On Gayle Rubin’s Thinking Sex: Notes for a Radical Theory of the Politics of Sexuality

The article presented a comprehensive description of the forces and forms of sexual stratification that challenges those part of erotic minorities.  Her brave discussion of such taboo sexualities as S/M and inter-generational sex is a rational and reasonable analysis of the practices while ignoring the strong ‘ick’ reactions that society has imparted upon them. The larger argument therein (a secondary one in her thesis) is the issue of consent.  It is a concept often taken for granted in our society, yet it is both elevated and denied by the law and other informal forces.  While we are always taught that consent is absolutely necessary in sexuality, there exist those who are ‘incapable,’ ‘not allowed’ or ‘impossible’ to consent.   In fact this censure of active consent seems to redundantly erase the possibility of coerced sex in these circumstances (since apparently all of that sex is coerced, or, ‘they were asking for it anyways’.)  While such a claim might be a bit extreme, I feel it is safe to say that sex laws nullifying consent within subjugated sexualities by at least blurring a very necessary line for those who partake in the practices.  They do this on top of vilifying those practices by enforcing sex laws and other informal sanctions against them.

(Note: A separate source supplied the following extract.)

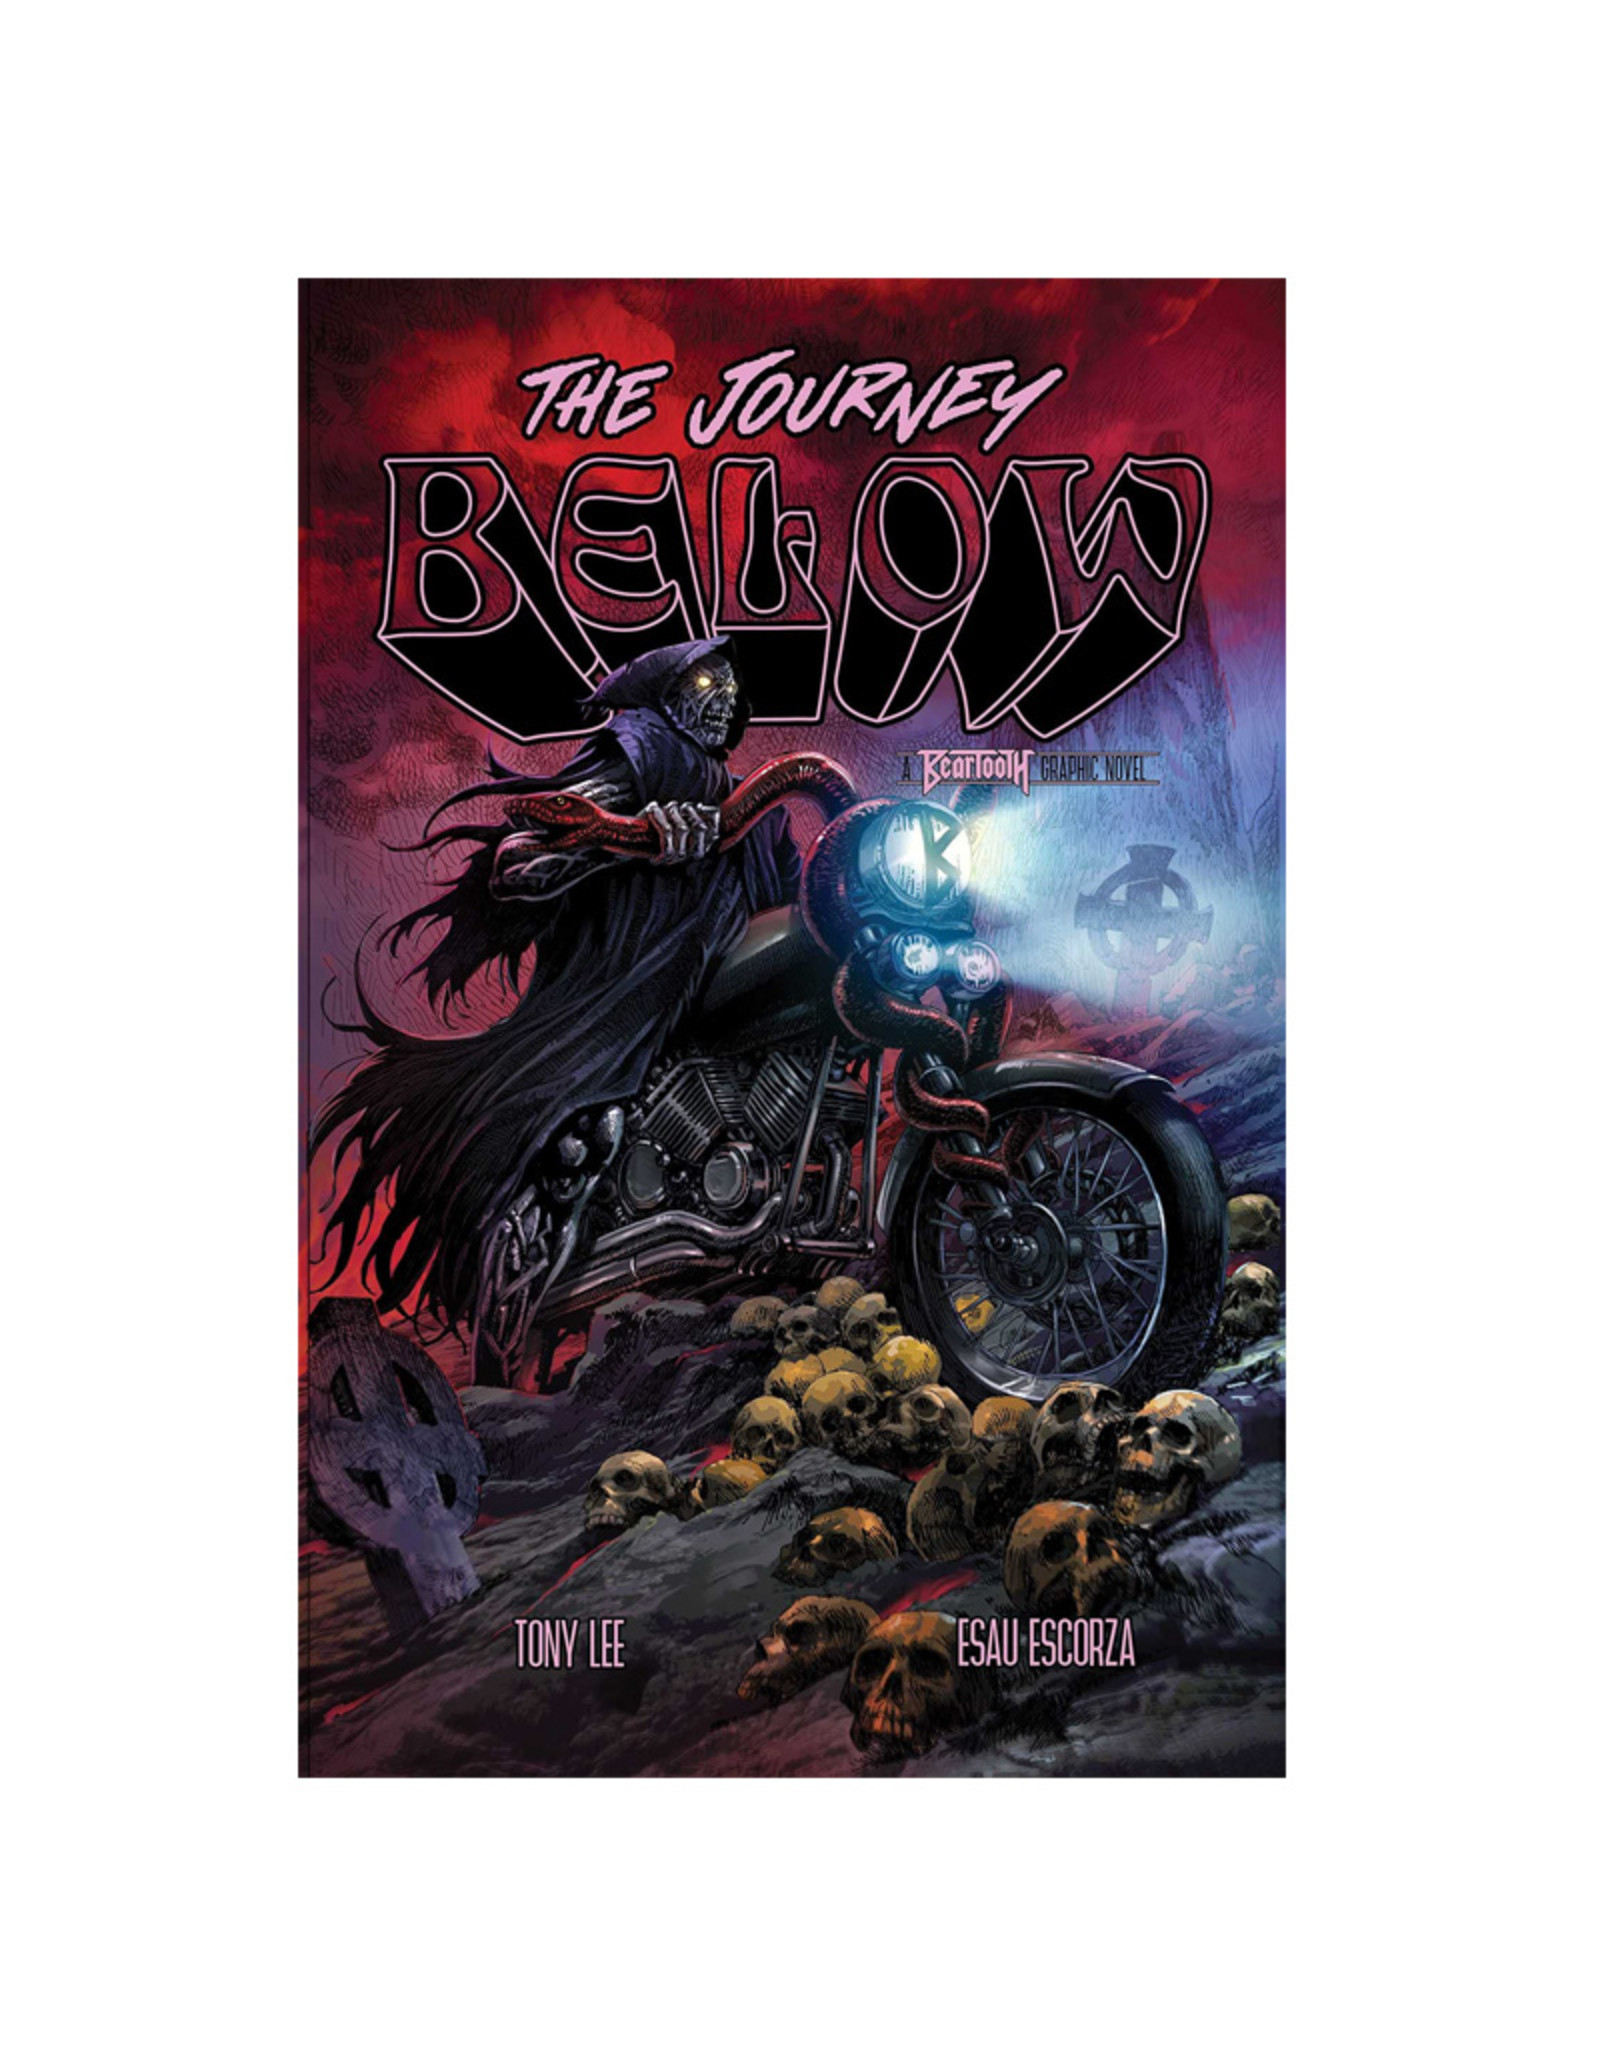 Z2 Comics Beartooth: The Journey Below

With consent in mind, I present some current events.  I stumbled upon this article about a 20-year-old anti-abortion activist who posed as a 13-year-old who had been impregnated by her 31-year-old boyfriend.  She then entered, with an accomplice and a hidden video camera, a Planned Parenthood “in search” of abortion options.   In Indiana, the state she has done this twice in already, statutory reporting laws exist wherein anyone who comes to the knowledge that someone under 14 is having sex with an adult must report it to the police.  This law negates doctor-patient and other confidentiality clauses. The Mona Lisa Project which the films have been called, are available to watch on their website.

The films clearly wish to smear Planned Parenthood with a different type of “crime” which has little or nothing to do with the abortion debate, yet can be and is effective.  The PP counselors are clearly aware of the rock and the hard place that the law has put them between, as they plead not to know the age of the “boyfriend” once realizing the age of the “13-year-old”.  For those not impressed by the films’ messages, it demonstrates the realities of everyday people negotiating the law.  This, for me, makes clear the law’s oppressive qualities. Watching these counselors toe the line of what the law says was not the child’s choice (an older boyfriend) and what they believe is the child’s choice (terminating an undesired pregnancy) only serves to strengthen this fact for me.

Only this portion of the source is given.